他微微侧身,用身体挡住了毛皇后大半的视线,目光淡淡地扫过那个跪在殿中、浑身颤抖的女人。那目光,如同看一件死物,没有愤怒,没有波澜,只有冰冷的、令人窒息的厌恶。


他不愿多看一眼。


他回身,端起小几上余下的半碗苦药,仰头一饮而尽。苦涩的药汁滑过喉咙,他眉头都未皱一下,只是抬起手,用指腹轻轻抚过辟邪的嘴唇,仿佛在擦拭什么珍宝。那唇,因方才的纠缠而微微红肿,泛着水光。


“只有你喂给朕的,是甜的。”他的声音依旧沙哑,却带着一丝病中难得的柔和。


辟邪咬着唇,面颊上的红晕如同烧红的云霞,久久不散。他垂下眼,不敢去看曹叡,也不敢去看殿中那个愤怒的皇后,只是微微点了点头,胸腔里的心跳,依旧如擂鼓。

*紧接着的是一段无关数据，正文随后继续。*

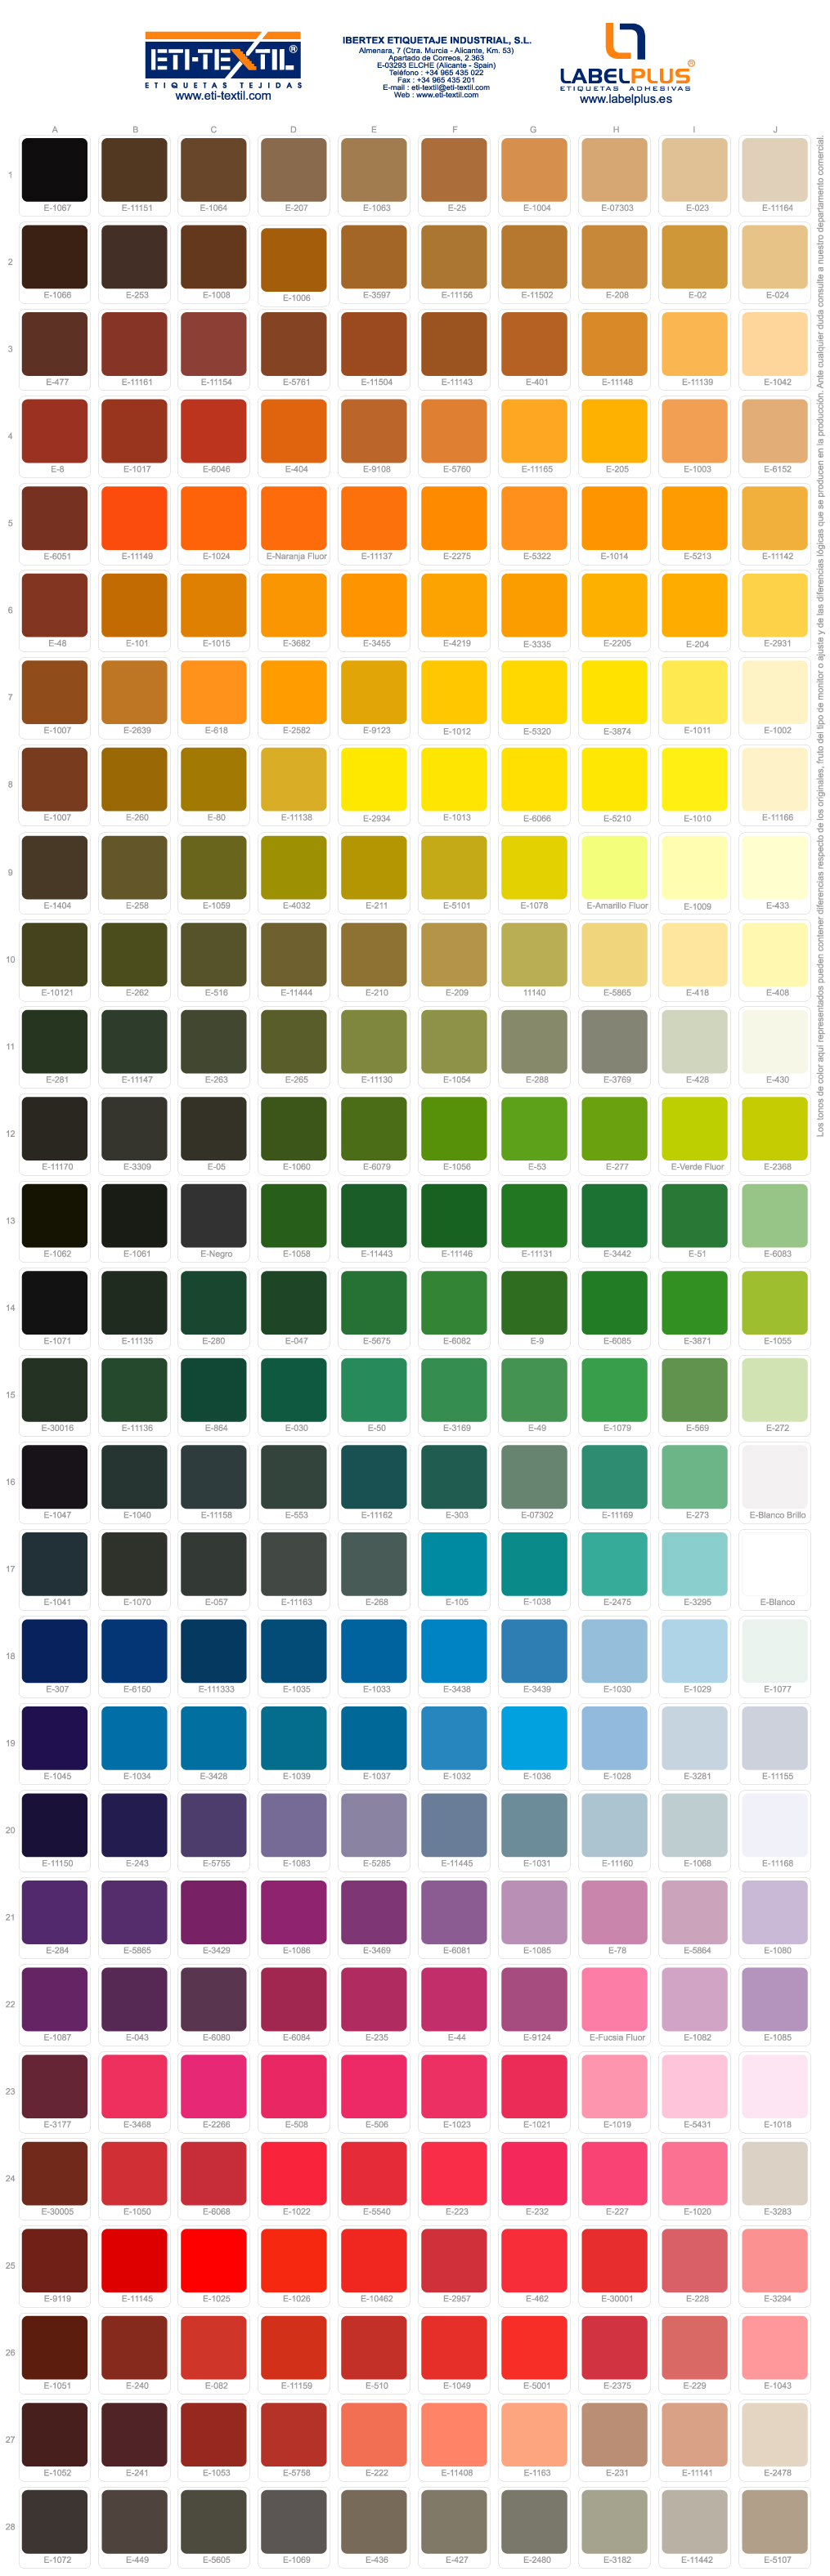 Catálogo de colores – ETI-TEXTIL

曹叡缓缓起身。厚重的衾被滑落,露出他单薄却依旧挺拔的身形。他最烦厌的事情,还是没能避开。这个自以为是的女人,终究是闯了进来,脏了他的眼,扰了他的清静。


他踱步至毛皇后身侧,步履虚浮,却带着不容侵犯的威仪。他蹲下身,与她平视。修长的手指挑起她的下巴,迫使她抬头看向自己。那双眼里,此刻没有一丝温度。


“皇后,”他的声音很轻,如同情人间的呢喃,却让毛皇后脊背发寒,“你就在这里,看着。”


他松开手,起身,不再看她一眼。他走回榻边,向辟邪伸出手。


“来。”一个字,带着不容拒绝的意味。


辟邪抬起眼,看向那只伸向自己的手,又看向曹叡的眼。那眼中,有病后的疲倦,有被扰了清净的不耐,但更多的是,一种只对他才有的、不容置疑的笃定。


他伸出手,放入曹叡的掌心。那只手微烫,却干燥有力,紧紧握住了他。


曹叡牵着他,一起走到龙榻边。锦帐低垂,烛火摇曳,将两人的身影拉长,交织在一起。


曹叡侧身,目光落在辟邪微垂的、依旧泛红的脸上。那目光,不再是方才看毛皇后时的冰冷,而是带着一丝病中的慵懒,一丝长年累月积攒的、无需言说的亲昵,以及一丝此刻才浮现的、不容置疑的占有欲。


“脱了。”


他的声音不高,却清晰地传入在场每一个人耳中。


“今夜,好好伺候朕。”


毛皇后跪在冰凉的金砖上  ,如同被抽去了所有力气。她看着那垂落的锦帐,看着那摇曳的烛光将两个人影融为一体,听着那简短却如同惊雷般的话语,心中最后一丝侥幸和骄傲,轰然崩塌。


殿外,风雪依旧。殿内,炭火无声地燃着。这一夜,对于某些人来说,无比漫长。